Arrivée de la Beatlemania

Arrivée des Beatles à l'aéroport JFK, le 7 février 1964.

« Il apparait que les Beatles ont été un remède pour ces jours sombres après la mort de John F. Kennedy. Quelque chose de différent, exotique, joyeux et même euphorique était ce remède. Avec le recul, il est clair qu'il devait venir d'en dehors de l'Amérique, d'au-delà des frontières d'un pays encore en plein deuil. »

— Steve Greenberg, Billboard[10].

Le , les Beatles s'envolent de l'aéroport londonien de Heathrow investi par une foule imposante de plusieurs milliers de fans venus leur souhaiter bon voyage[1]. La radio new-yorkaise WMCA les suit heure par heure : « Il est 6 h 30, heure Beatles. Ils ont quitté Londres il y a une demi-heure et se trouvent actuellement au-dessus de l'Atlantique, direction New York. La température est de 0 degré Beatles. ». En débarquant du vol Pan Am 101[4] à l'aéroport JFK, les Beatles constatent que 10 000 fans en folie les attendent[8]. « On est descendu de l'avion, et c'est comme si on était chez nous, encore des millions de mômes », observe Ringo Starr[1]. Sitôt arrivés, les musiciens britanniques sont embarqués dans une conférence de presse qui se déroule dans une ambiance surexcitée, voire chaotique, dans un des salons de l'aéroport[11], et s'en donnent à cœur joie.
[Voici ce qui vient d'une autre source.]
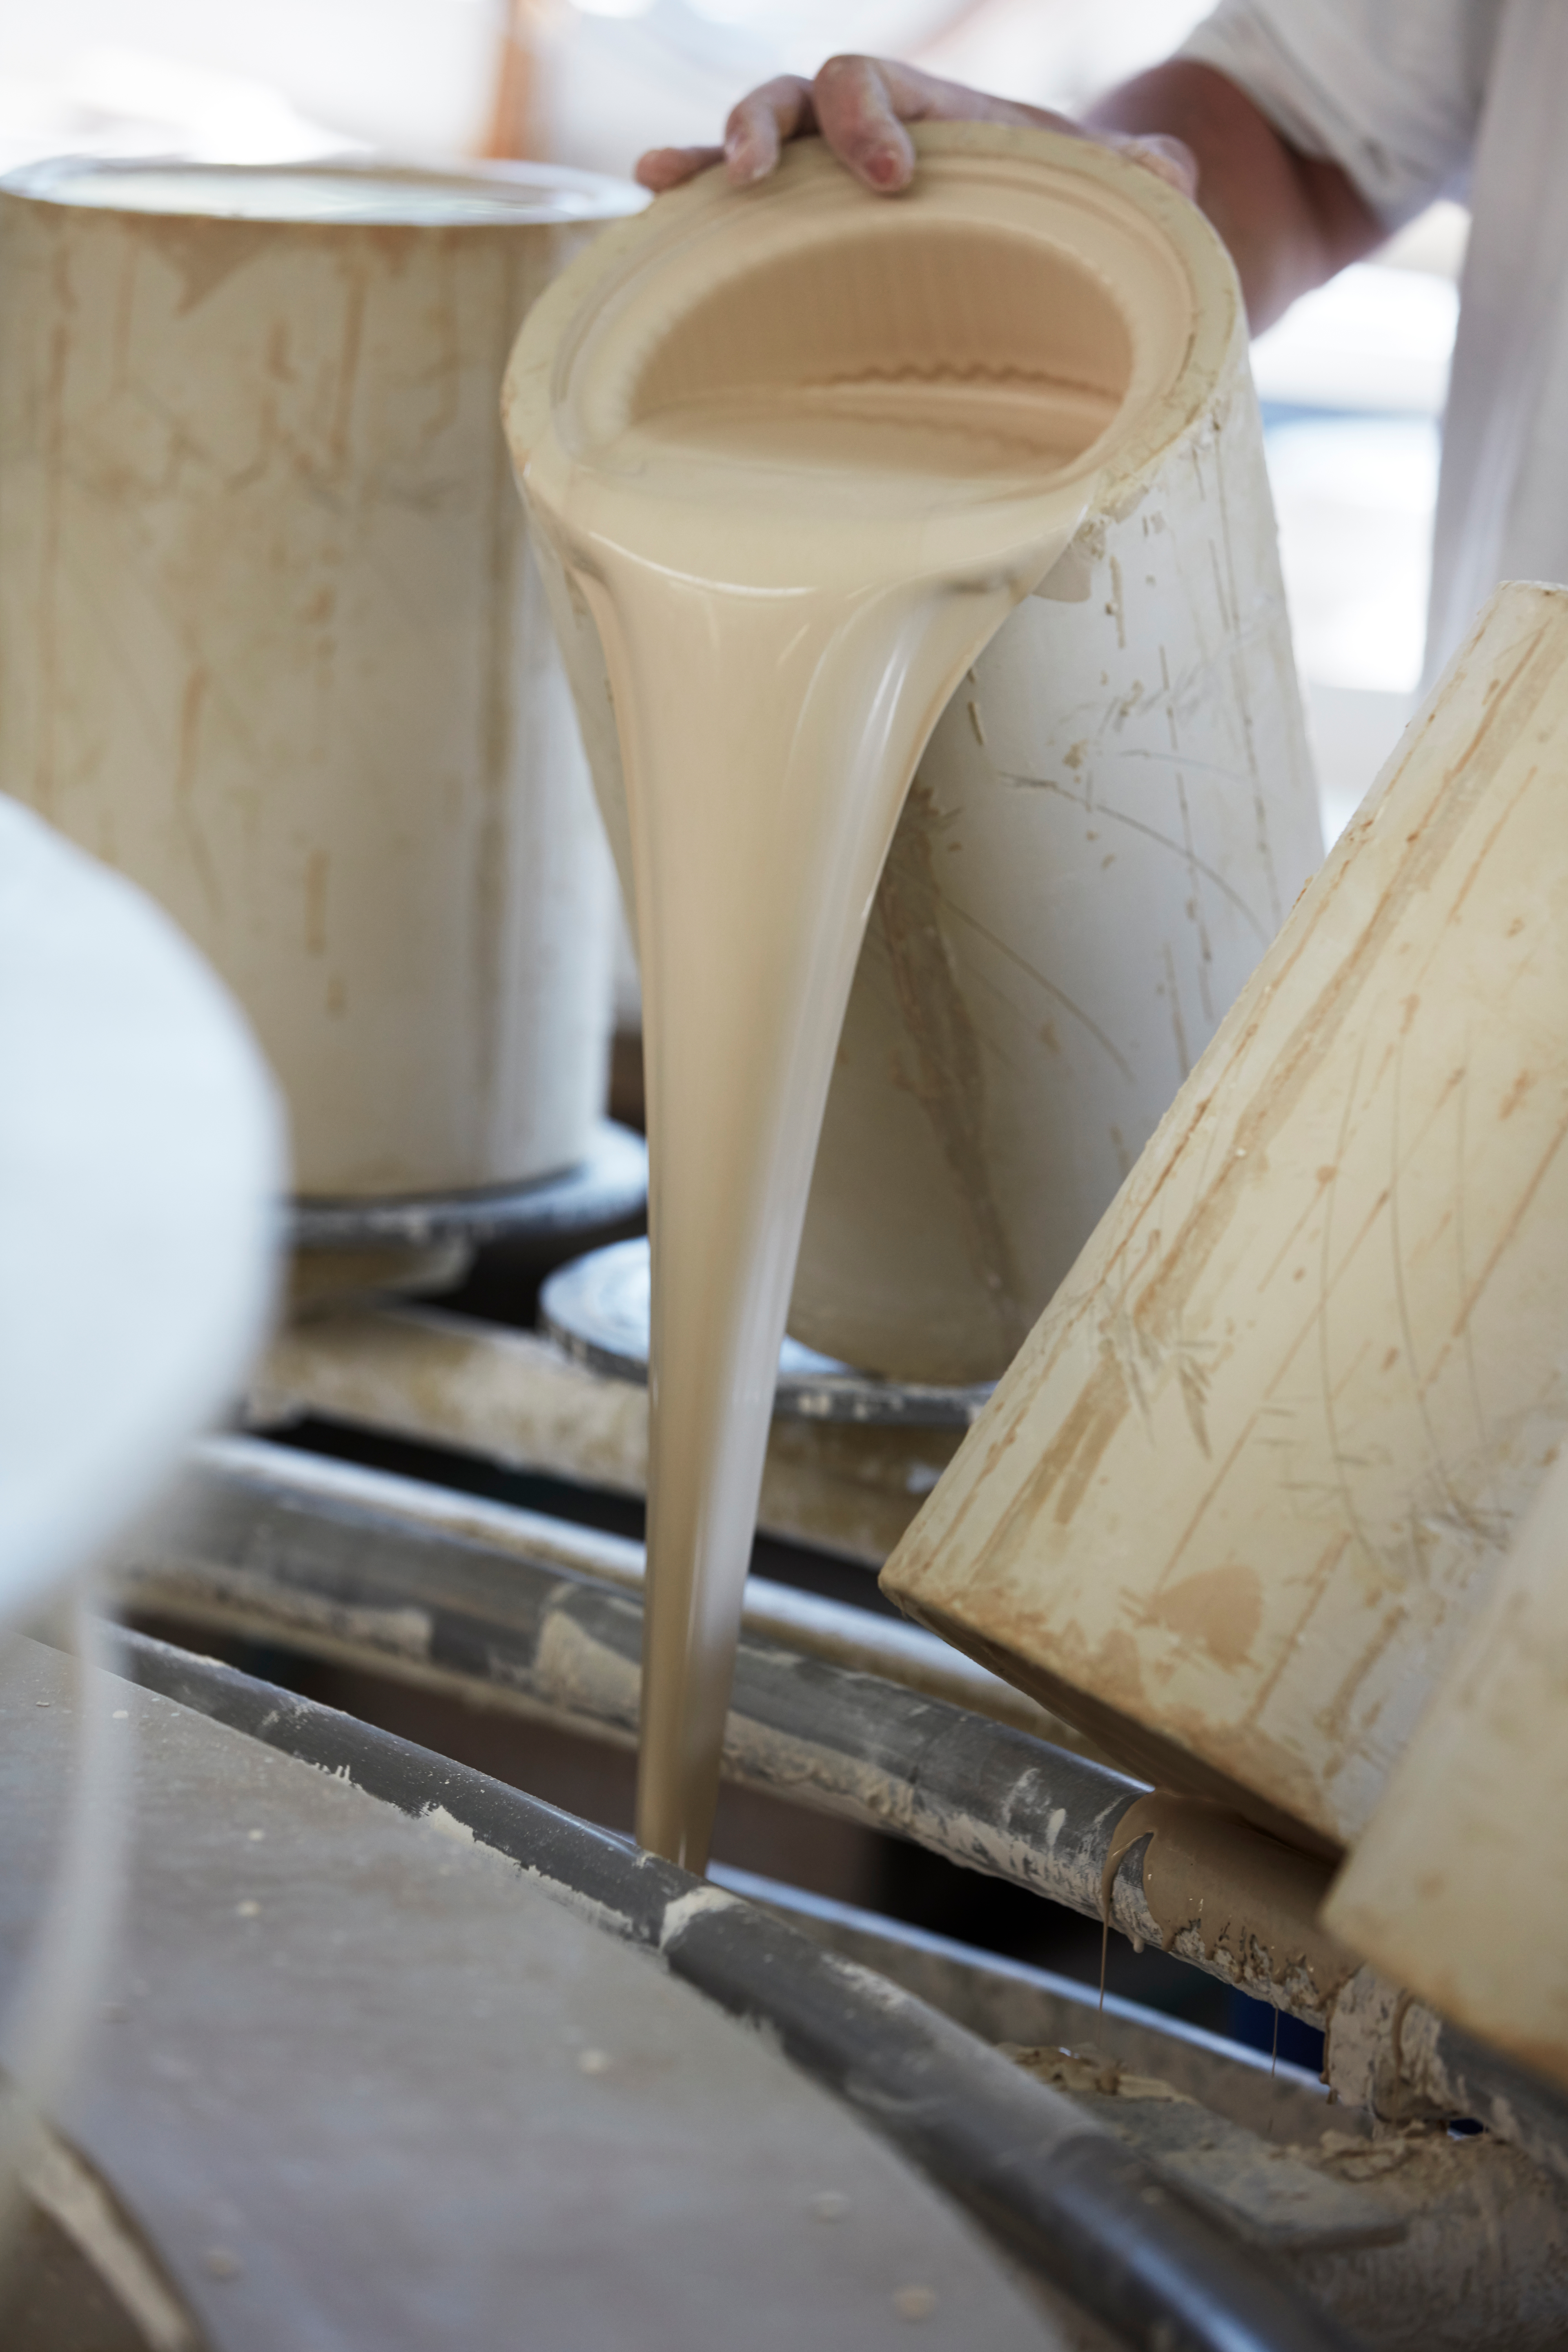 The classic Lyngby vase from Lyngby Porcelæn is being cast

À la question « Pouvez-vous nous chanter quelque chose ? », la réponse de John Lennon fuse : « Non ! L'argent d'abord ! ». Pour sa part, Ringo Starr, lorsqu'on lui demande s'il aime Beethoven, se fend d'un « C'est un grand ! J'aime beaucoup ses poèmes »[11]. Ils arrivent ensuite dans Manhattan à bord d'une limousine noire encadrée de policiers à cheval (Paul McCartney a un transistor collé à l'oreille qui diffuse leur musique en continu), au milieu d'une horde de fans déchaînés massés sur les trottoirs[1].

Les Beatles découvrent alors une autre culture, et notamment celle de la publicité agressive, dont ils deviennent les instruments à leur insu. Neil Aspinall, road manager du groupe, témoigne ainsi que « les gens nous faisaient toutes sortes de coups. Pendant les conférences de presse, il y avait derrière nous de grandes affiches vantant tel ou tel produit, et nous, on ne remarquait rien[12]. » On s'arrache le groupe pour obtenir une « licence Beatles[13] ». Naïfs, ils acceptent de citer en direct radio les noms de telles ou telles émissions, leur offrant sans discernement une publicité gratuite. Brian Epstein finit par y mettre un terme : « Les animateurs s'en sont donné à cœur joie, mais au bout de quelques jours, j'ai dû tout arrêter avec sévérité[14]. » Il n'empêchera pas que des interviews du groupe, enregistrées sans autorisation, soient mises en vente en 33 tours avec leur photo sur la pochette[13]. Conséquence de ce passage aux États-Unis : on évalue, pour l'année 1964, à 50 millions de dollars le chiffre d'affaires en produits dérivés du groupe[13].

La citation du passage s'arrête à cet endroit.